The christmas child - Frans-Jan W. Parmentier

Klassekampen, 21 March 2016
What do they mean when meteorologists say that it’s warmer because of El Niño?
The christmas child
Last year was worldwide the hottest year ever. And this year will probably be even warmer.
At least, that’s what the British Met Office said last December, and with the record-breaking heat of the past three months they haven’t been proven wrong so far. Normally, scientists are hesitant with such predictions. But then again, this year isn’t a normal year: A strong El Niño is in progress which sets climate change in a higher gear.
El Niño receives a lot of media attention. The phenomenon is often connected to a surge in droughts in parts of North America, Southeast Asia and Africa. Because of these droughts, the UN warned a month ago for a worldwide food crisis as a result of El Niño. Droughts also lead to more forest fires, like the ones that plagued Indonesia last year. Stifling smoke stretched until Malaysia and in a few weeks’ time more CO₂ was emitted than Germany does in a whole year.
Still, it’s not just droughts that follow an El Niño. In California they are, at the moment, expecting floods as a result of this weather phenomenon. A recent study in Nature Microbiology even suggested that a strong El Niño could lead to a wider spread of diseases such as cholera, since bacteria were hypothesized to lift along the warmer ocean currents.
El Niño strikes: Waves roll hit houses near Mondo Beach in California, in January of this year. The phenomenon leads to extreme weather over large parts of the globe.
So El Niño is annoying, that much is clear. But what is it? To start with the name: This originates with Peruvian fishermen, who recognised the phenomenon already in the 17th century. «El Niño» is Spanish for «the small boy», and these religious fishermen referred with that name to the baby Jesus. They noticed that the fish catch was worse in certain years, right around Christmas, at the same time as the arrival of warm seawater in front of the South American coast. Because of the lack of nutrients in this water, there is less fish, and therefore El Niño ushers in the end of the fishing season.
These days, however, we don’t distinguish an El Niño event by the amount of fish that is caught. An El Niño is officially in progress when a specific part of the Pacific Ocean between Indonesia and Peru is abnormally warm. Normally, the trade winds in this part of the world blow westwards, away from the South-American continent. Because of this, cold water can well up in front of the coast, since warm water is driven away towards Indonesia.

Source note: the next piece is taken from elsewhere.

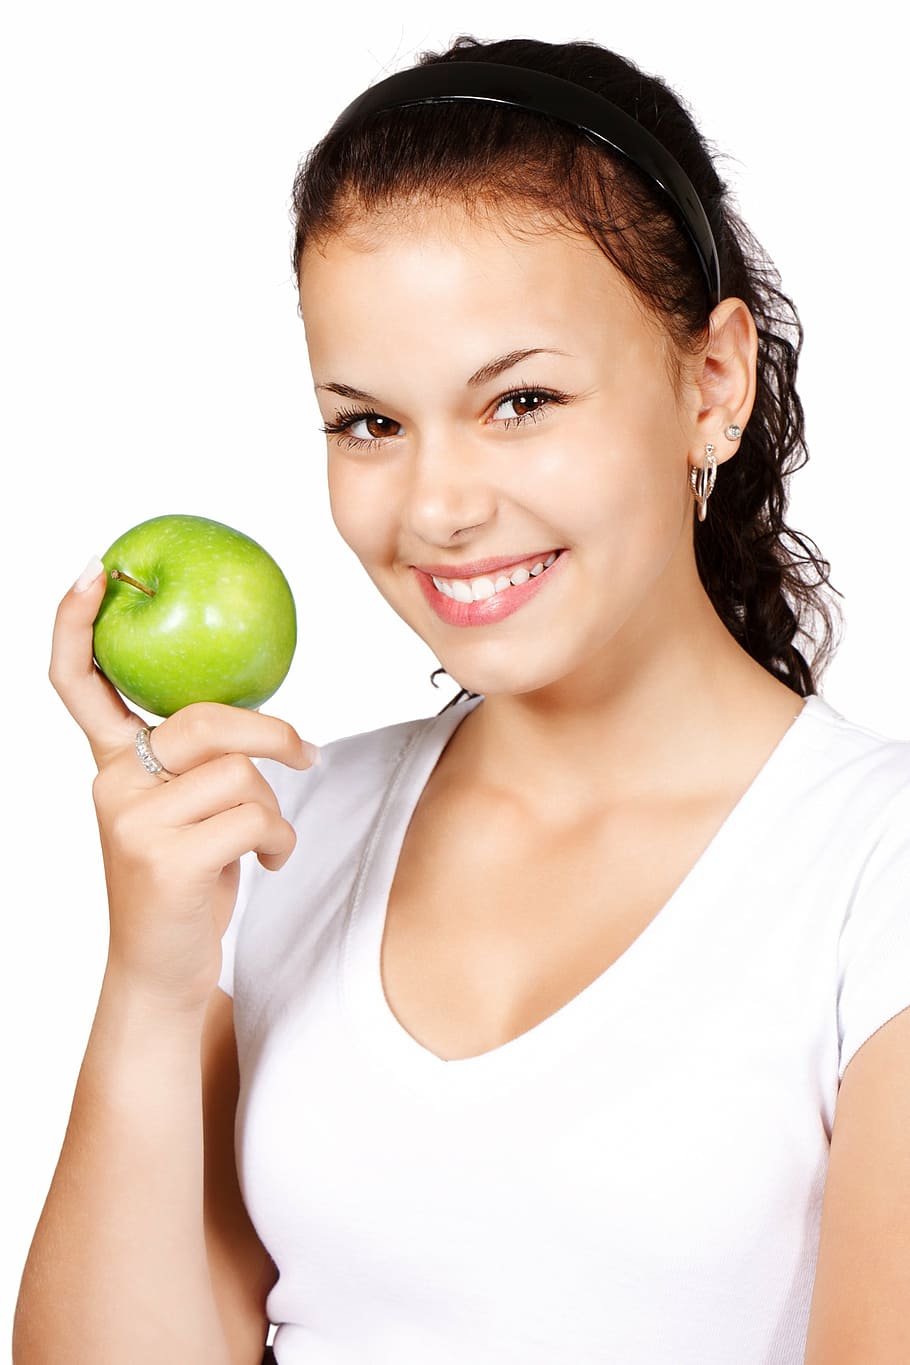 woman in white shirt holding green apple, diet, healthy, eating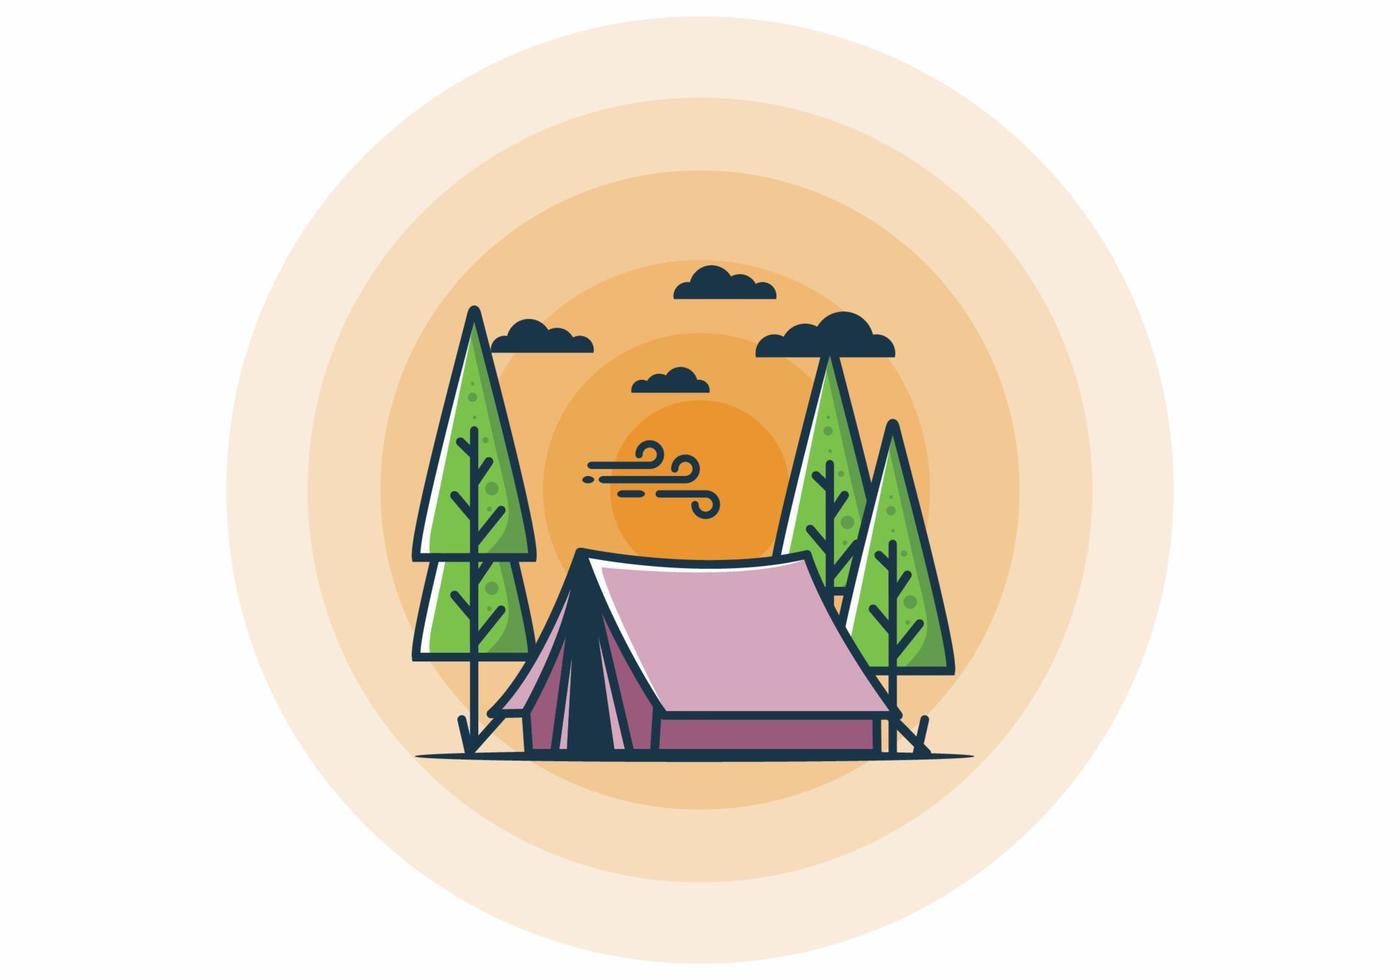 Big camping tent and pine trees illustration vector

But in some years, these winds weaken, or even turn eastwards. In that case, warm water is given free rein. With satellites, this is clearly visible as a band of warm water stretching along the equator from South America across the ocean.
Such a widespread area of millions of square kilometres with exceptional temperatures has a large influence on the atmosphere. There is more evaporation in this area, which e.g. leads to more precipitation in South America, and the added heat changes weather patterns as far as Alaska or the Southern part of Africa. But the influence of El Niño also has its limits. Europe is far away from the Pacific Ocean, and a strong relationship between El Niño and the weather in our part of the world has so far not been shown. Also, the current, absurdly strong, warming of the Arctic has little to do with this weather phenomenon.
The effect of El Niño can provide us with a view of what will be the new normal in the future
So we need to take care not to attribute everything to El Niño whenever we feel like it. But the opposite often happens in the climate debate: El Niño is ignored to cast doubt on global warming. How does that work? So far this century, we mostly had weak El Niños, and, not unimportantly: we have dealt several times with his sister, La Niña (the little girl).
La Niña is a comparable phenomenon, but when she is present, trade winds are stronger, more cold water appears at the surface of the Pacific, and world temperatures become lower rather than higher. If you plot land surface temperatures of the past 50 years in a graph, it is clear that years with an El Niño are above the trend line (warmer), and years with a La Niña below it (cooler).
1998 is the highest above the trend line. In that year, a very strong El Niño boosted worldwide temperatures. It’s still one of the hottest years on record. But that extraordinary year has been misused ever since by climate sceptics: they calculate trends in world temperature with 1998 as the starting point to claim that we’ve had no warming – even though all years since 2001 are among the hottest ever.
It is clear to everyone that in order to do sound statistics, you should not focus only on outliers. The entire picture has to be considered. When you do that it’s obvious that El Niño and La Niña only cause short-lasting variations on top of an undeniable warming of the earth in the long term.
Besides, the current El Niño is even stronger than the one in 97/98. In combination with ongoing climate change, 2016 is therefore well on track to break the myth of a lack of warming for good: February was already 1.35 degrees Celsius warmer than normal, right below the hoped-for lower limit of 1.5 degrees that was agreed upon in Paris last December. In this way, the climate enhancing effect of El Niño provides us with a view of what will be the new normal in the future. Let’s hope that his little sister will still often enough provide us with some cooling.